*** EXERCISE DATA ***

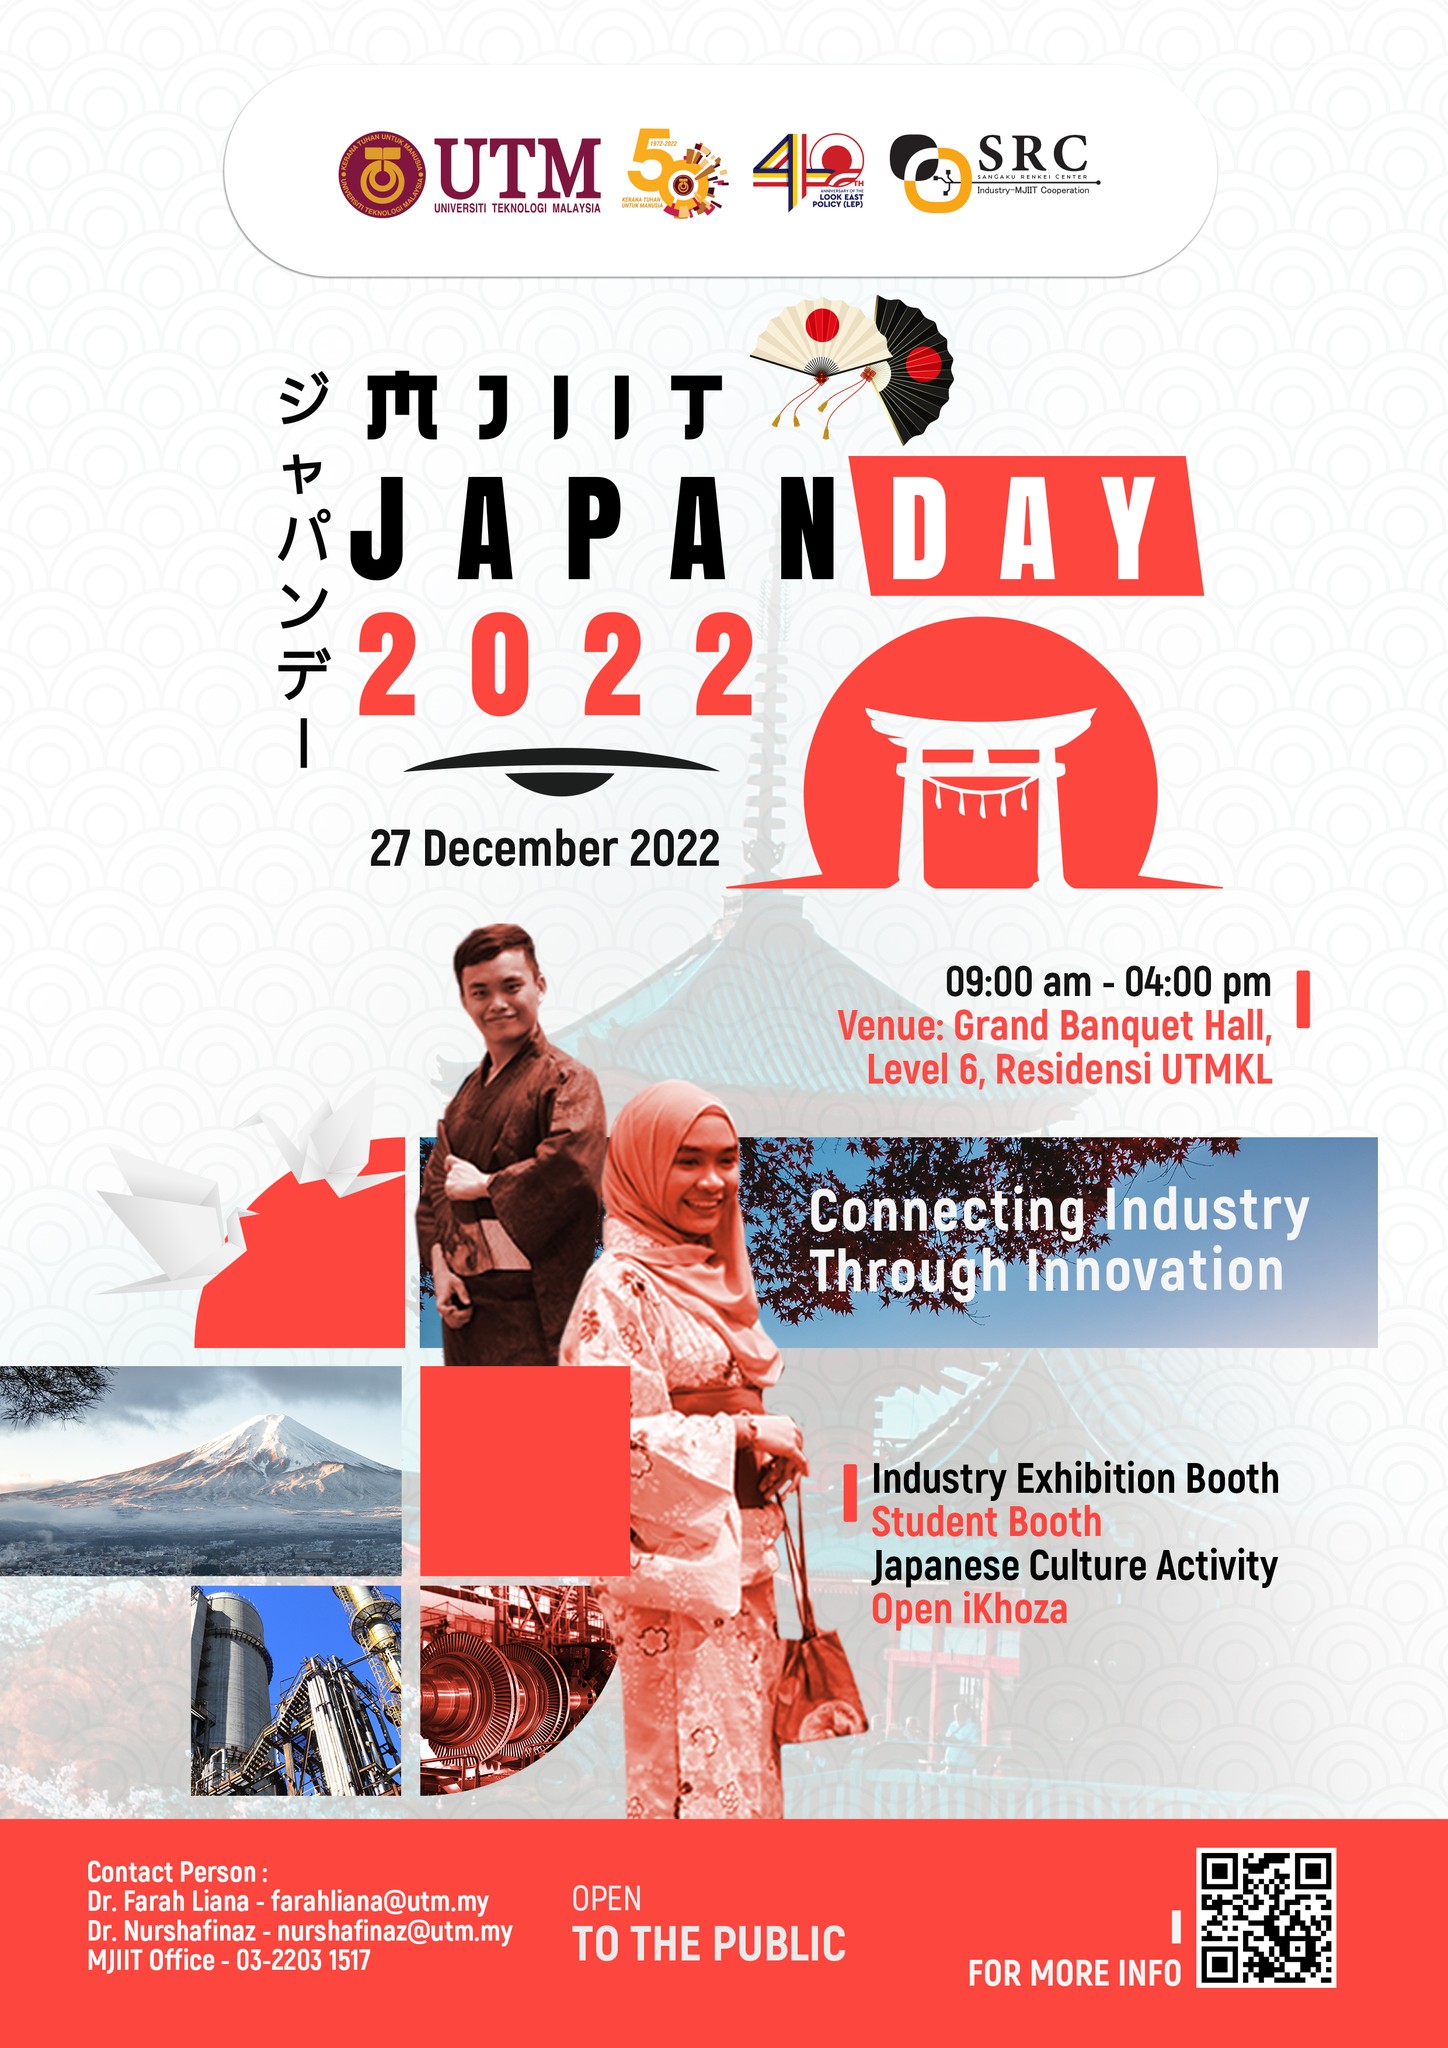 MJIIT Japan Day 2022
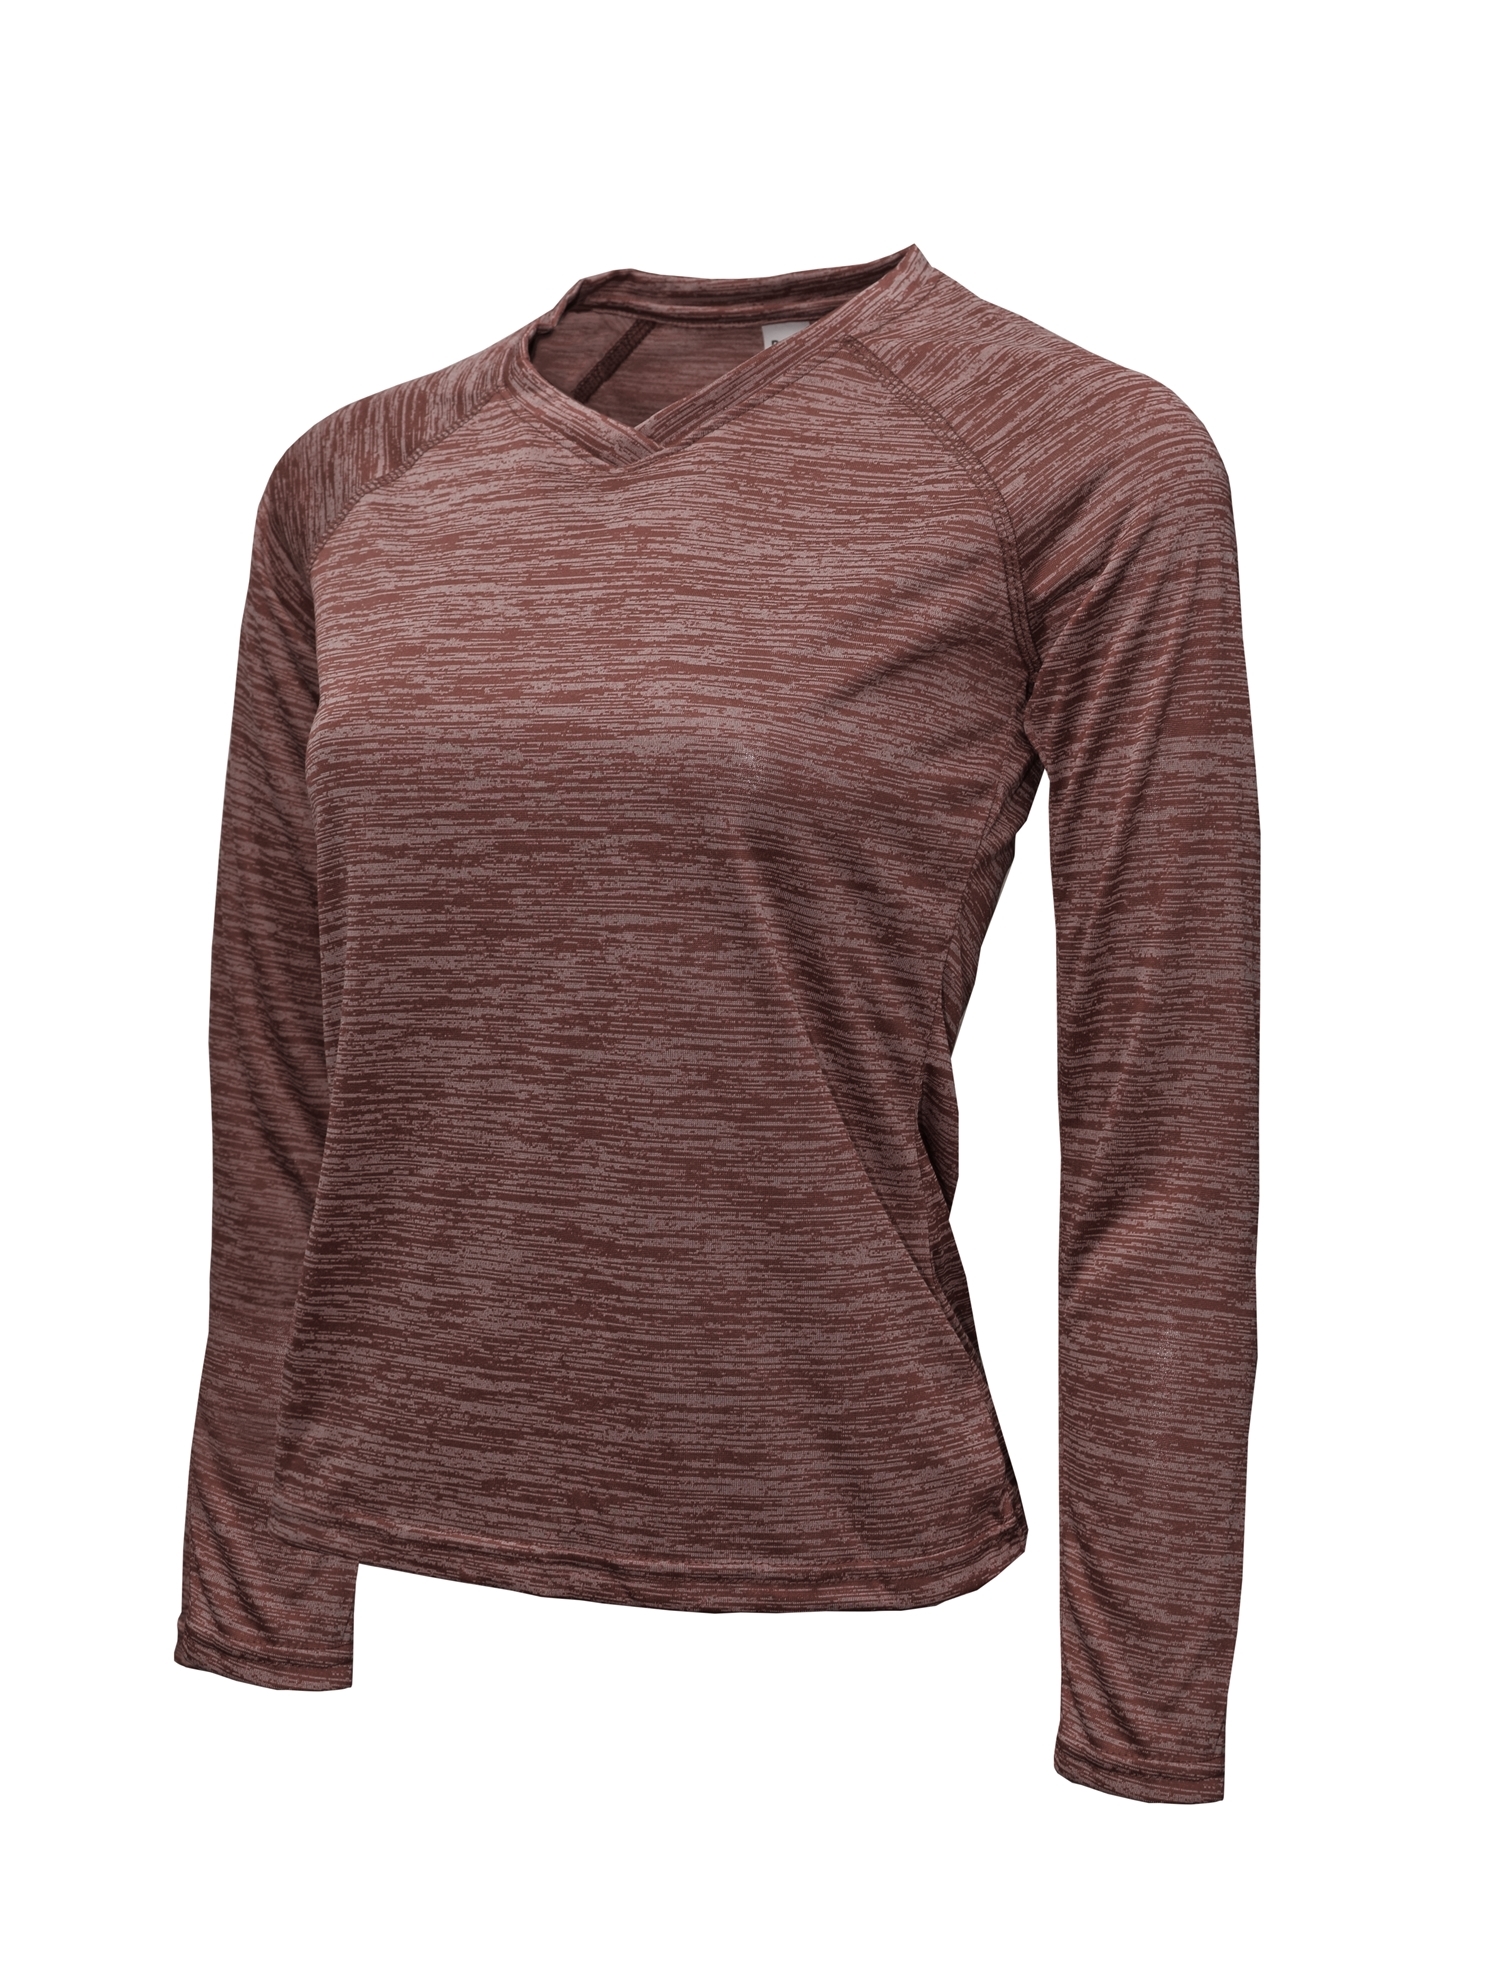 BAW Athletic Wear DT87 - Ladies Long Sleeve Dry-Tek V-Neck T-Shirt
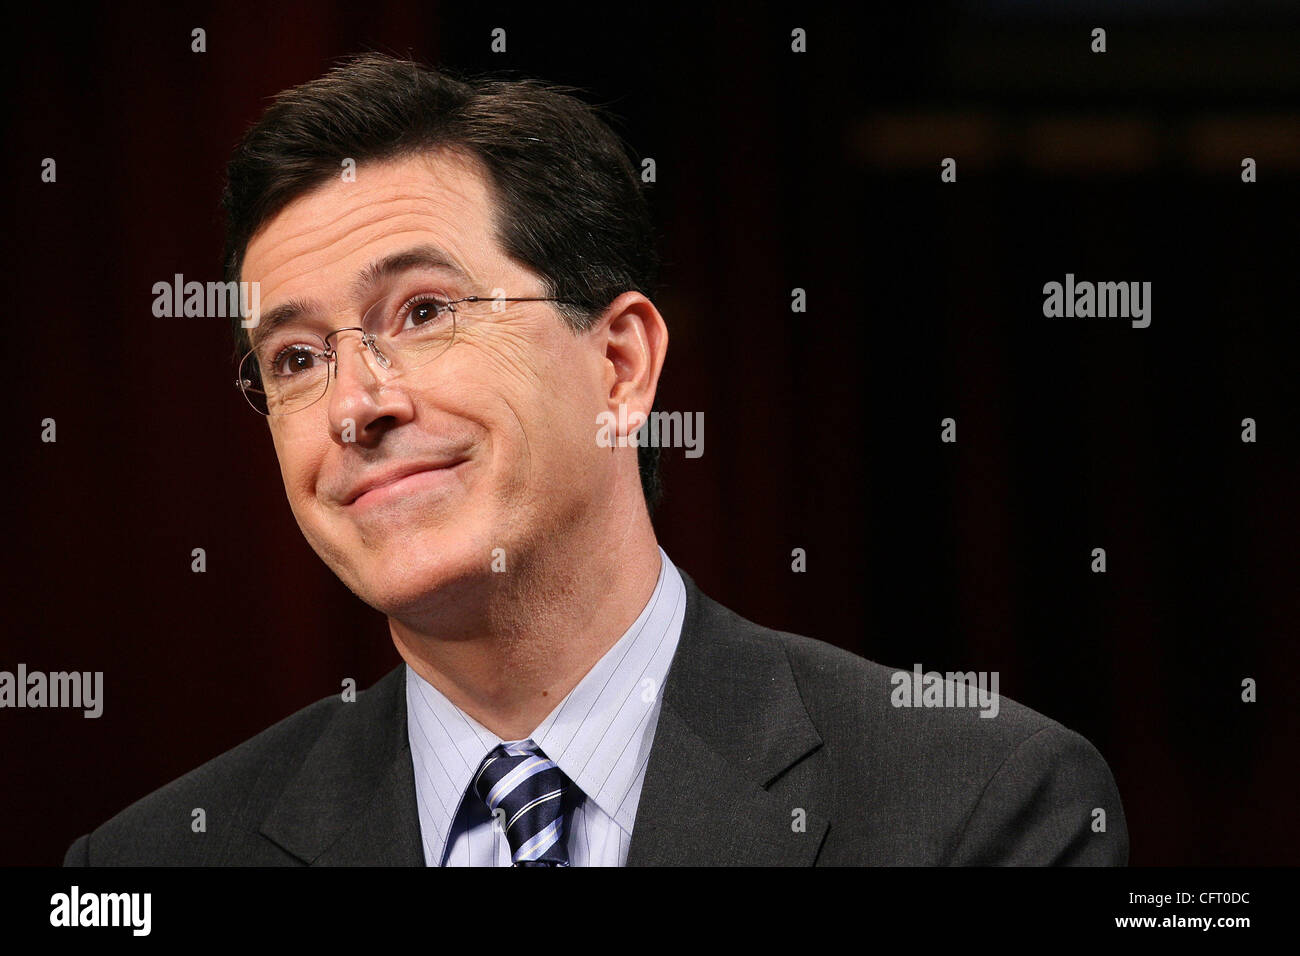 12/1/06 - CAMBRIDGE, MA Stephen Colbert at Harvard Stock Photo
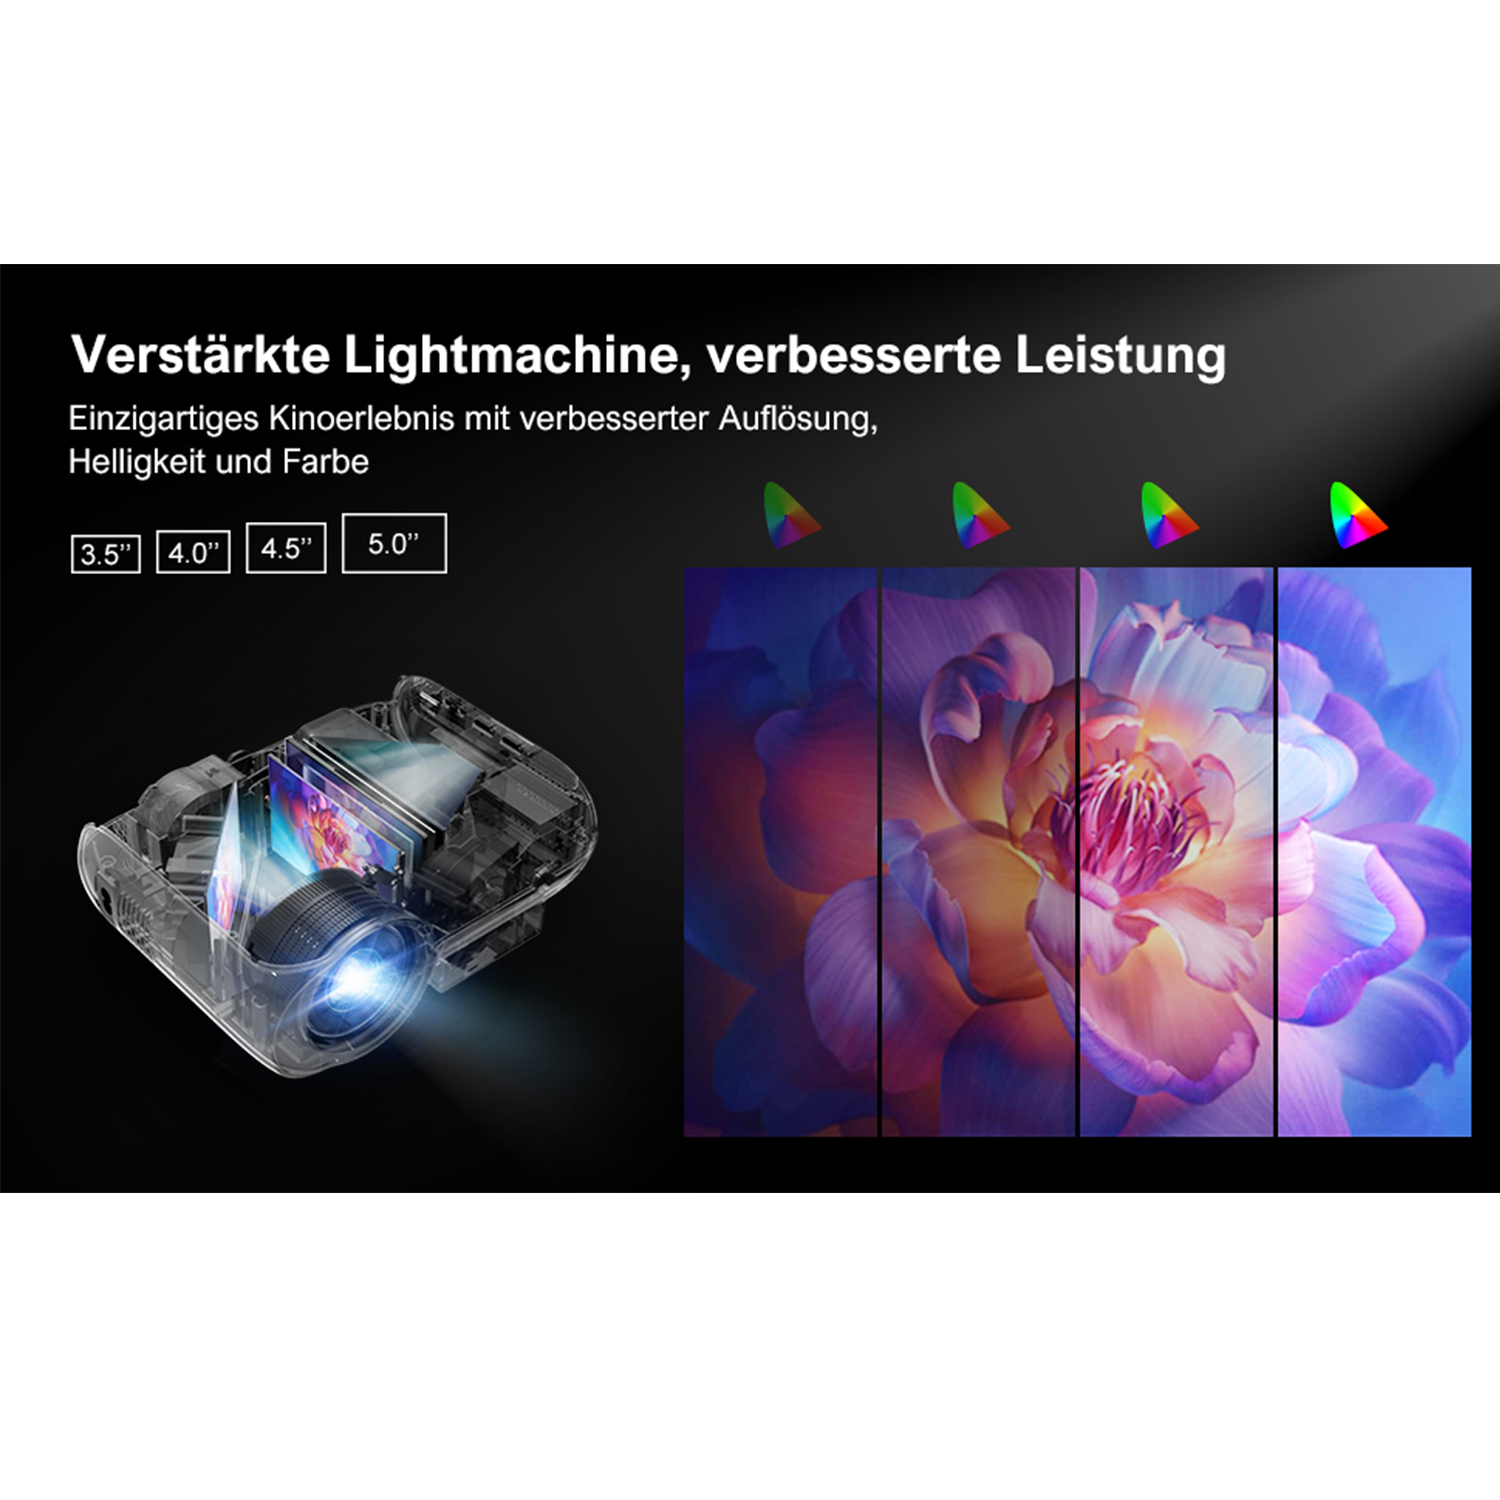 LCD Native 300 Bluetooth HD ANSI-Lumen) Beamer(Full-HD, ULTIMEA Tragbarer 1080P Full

*** End of EXERCISE DATA ***

__BRIEF__. Pictures are not part of the copy. Please reproduce the material word for word.

__COMPLETED EXERCISE__.
 MJIIT Japan Day 2022
 BAW Athletic Wear DT87 - Ladies Long Sleeve Dry-Tek V-Neck T-Shirt
 12/1/06 - CAMBRIDGE, MA Stephen Colbert at Harvard Stock Photo
 LCD Native 300 Bluetooth HD ANSI-Lumen) Beamer(Full-HD, ULTIMEA Tragbarer 1080P Full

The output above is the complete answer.